CDK bootstrap creates five roles per account/region. The **CloudFormation execution role** (cdk-hnb659fds-cfn-exec-role) receives `AdministratorAccess` by default — CloudFormation assumes it to create, modify, and delete stack resources. This violates least-privilege and may conflict with organizational SCPs or compliance gates.

The ABCA project documented three scoped policies in `docs/design/DEPLOYMENT_ROLES.md` (PR #46), validated against a live deployment through 7 iterations and 36 CloudTrail-discovered actions.
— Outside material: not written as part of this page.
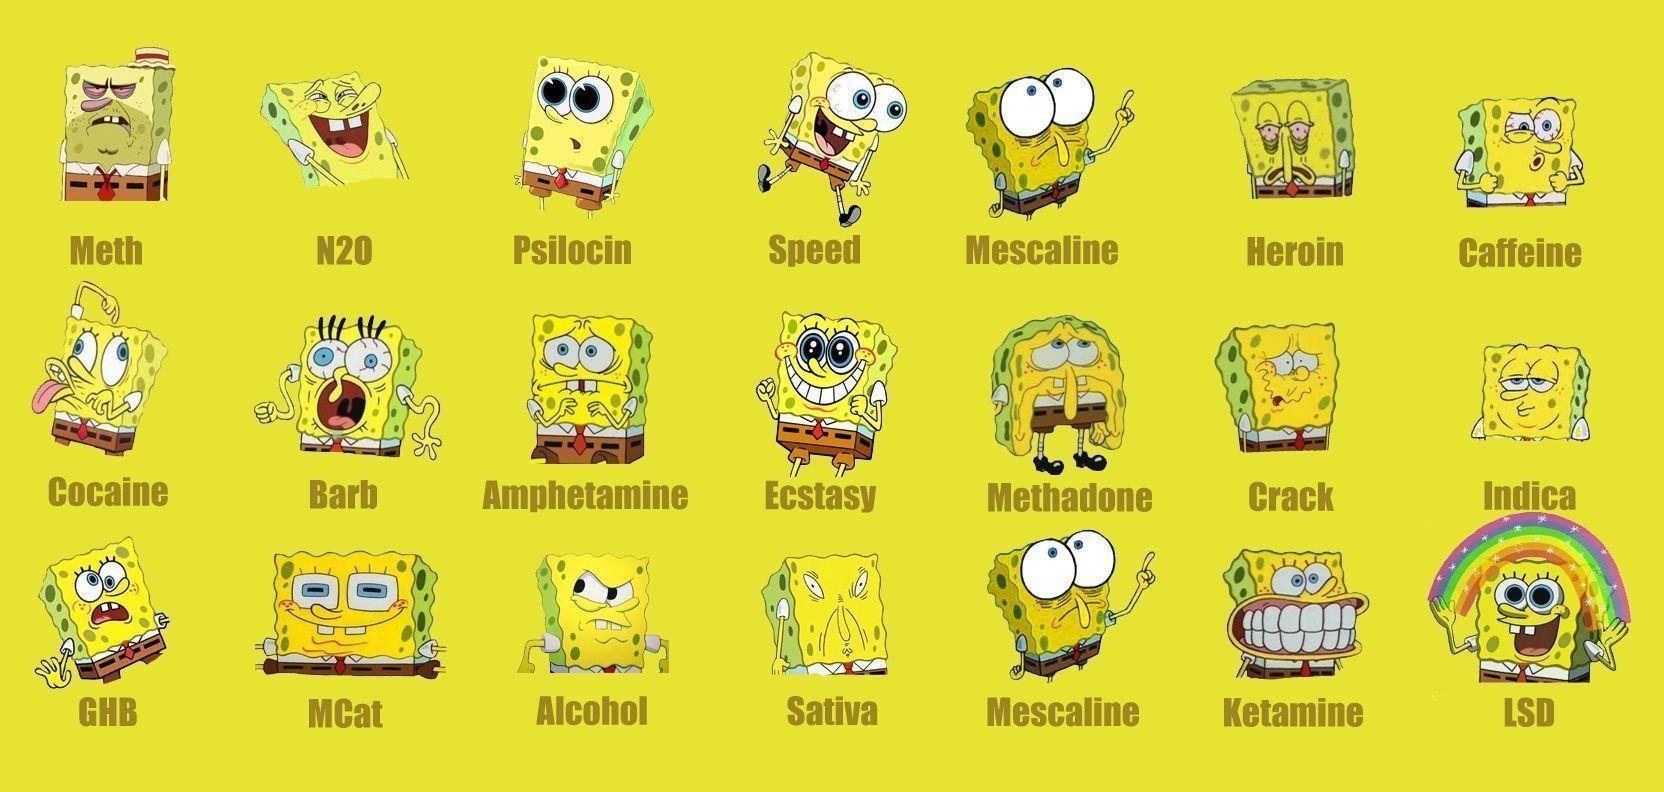 Spongebob Drug in Funny

However, these policies exist only as JSON blobs in a Markdown file — unversioned, untested, and manually applied.

**Failure mode without automation:** When a new release adds a resource type (e.g., SQS queue), operators who pull and deploy hit a mid-rollback CloudFormation failure because their bootstrap policy predates the new permissions. The deploy fails 15 minutes in with no prior warning.

**Constraints:**
- IAM managed policies have a 6,144-character limit — hence the three-policy split (Infrastructure, Application, Observability).
- Bootstrap must exist before the CDK app can deploy — circular dependency prevents managing bootstrap from within the app stack.
- The four other bootstrap roles (deploy, lookup, file-publishing, image-publishing) are already scoped by the default template and don't need modification.

## Decision

### Policies as typed TypeScript code in `cdk/src/bootstrap/`

Rationale for location:
- **Agent routing** — `AGENTS.md` routes CDK/IAM changes to `cdk/`. An agent modifying a construct that adds a DynamoDB table naturally looks here for the policy it must update.
- **Testability** — Jest tests can assert policy size limits, validate structure, and verify coverage against the synthesized template.
- **Co-location** — the CDK app defines what resources exist (and therefore what permissions are needed); both live in the same package.
- **Self-contained** — `cdk/` has its own `mise.toml`, build, and test pipeline.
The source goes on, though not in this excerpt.